Haiti Updates for January 26-27
In the Press
Why is it essential to rebuild the Salesian works in Haiti? Read from the AP(1/27/10), “Haiti: Smallest survivors pose one of biggest problems”: http://www.northjersey.com/news/international/haiti/012710_Haiti_Smallest_survivors_pose_one_of_biggest_problems.html

A similar story from the NYT, 1/27/10: “Haiti’s Children Adrift in World of Chaos” http://www.nytimes.com/2010/01/27/world/americas/27children.html?ref=todayspaper

Fr.

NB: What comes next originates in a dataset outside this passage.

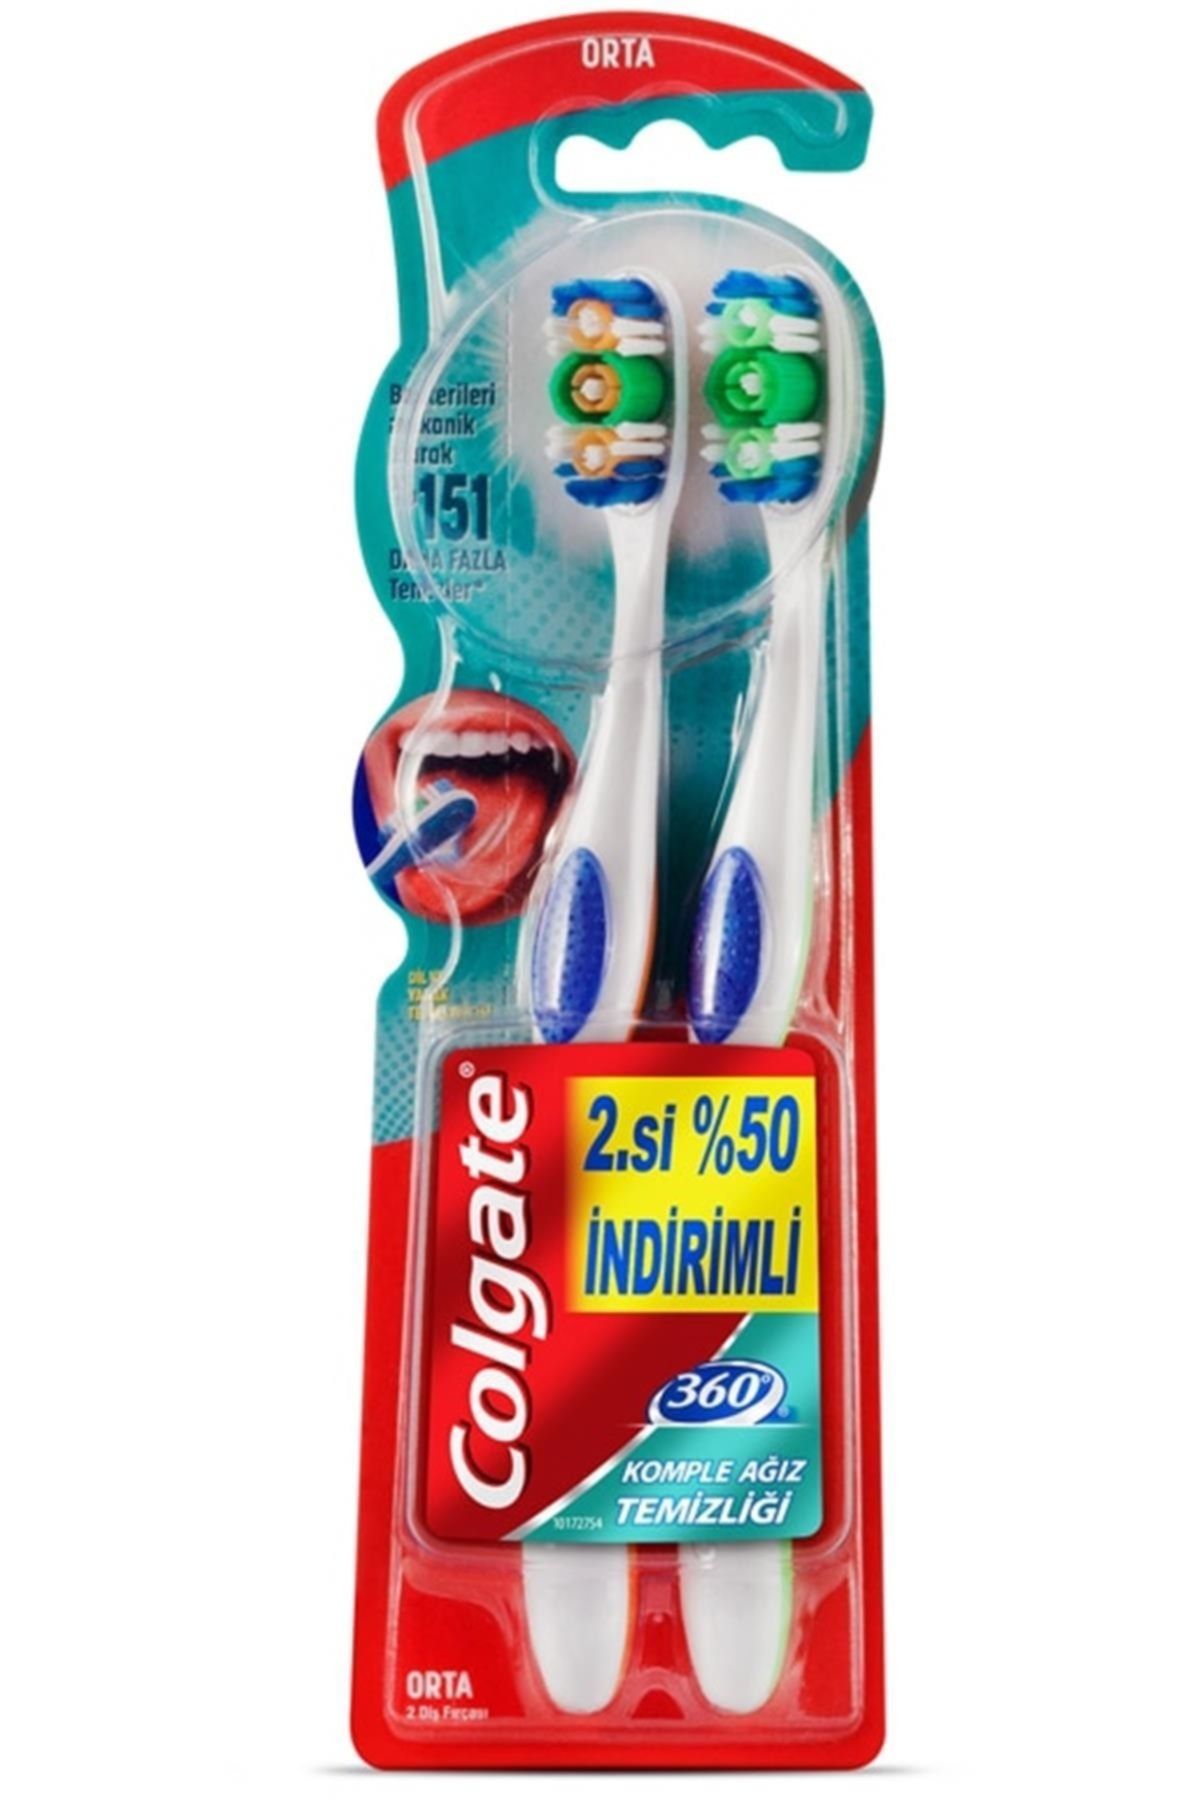 Colgate Marka: 360 Komple Ağız Temizliği Orta Diş Fırçası 1+1 Kategori: Makyaj Fırçası

Tom Reese, SJ, doesn’t mention the Salesians in this piece in the Washington Post (1/25/10), but he makes a point that we could pick up on: http://newsweek.washingtonpost.com/onfaith/georgetown/2010/01/despair_and_compassion_fatigue.html
“Rebuilding Haiti church infrastructure to take years, says U.S. bishop” http://www.catholicnews.com/data/stories/cns/1000331.htm

From Rome ANS reports (1/27/10) that 2 Italian sports heroes, Danilo Gallinari, the best Italian basketball player in the National Basketball Association, and Rino Gattuso, a veteran soccer star, have agreed to serve as spokesmen for the International Volunteers for Development (VIS: www.volint.it) in a national appeal for support for the reconstruction of the Salesian works in Haiti. Similar appeals are being made by other members of the Don Bosco Network of NGOs. The appeals aim not only at urgent immediate relief but also at “rebuilding the hopes and the lives of Haiti,” especially by offering education through Salesian schools and youth centers.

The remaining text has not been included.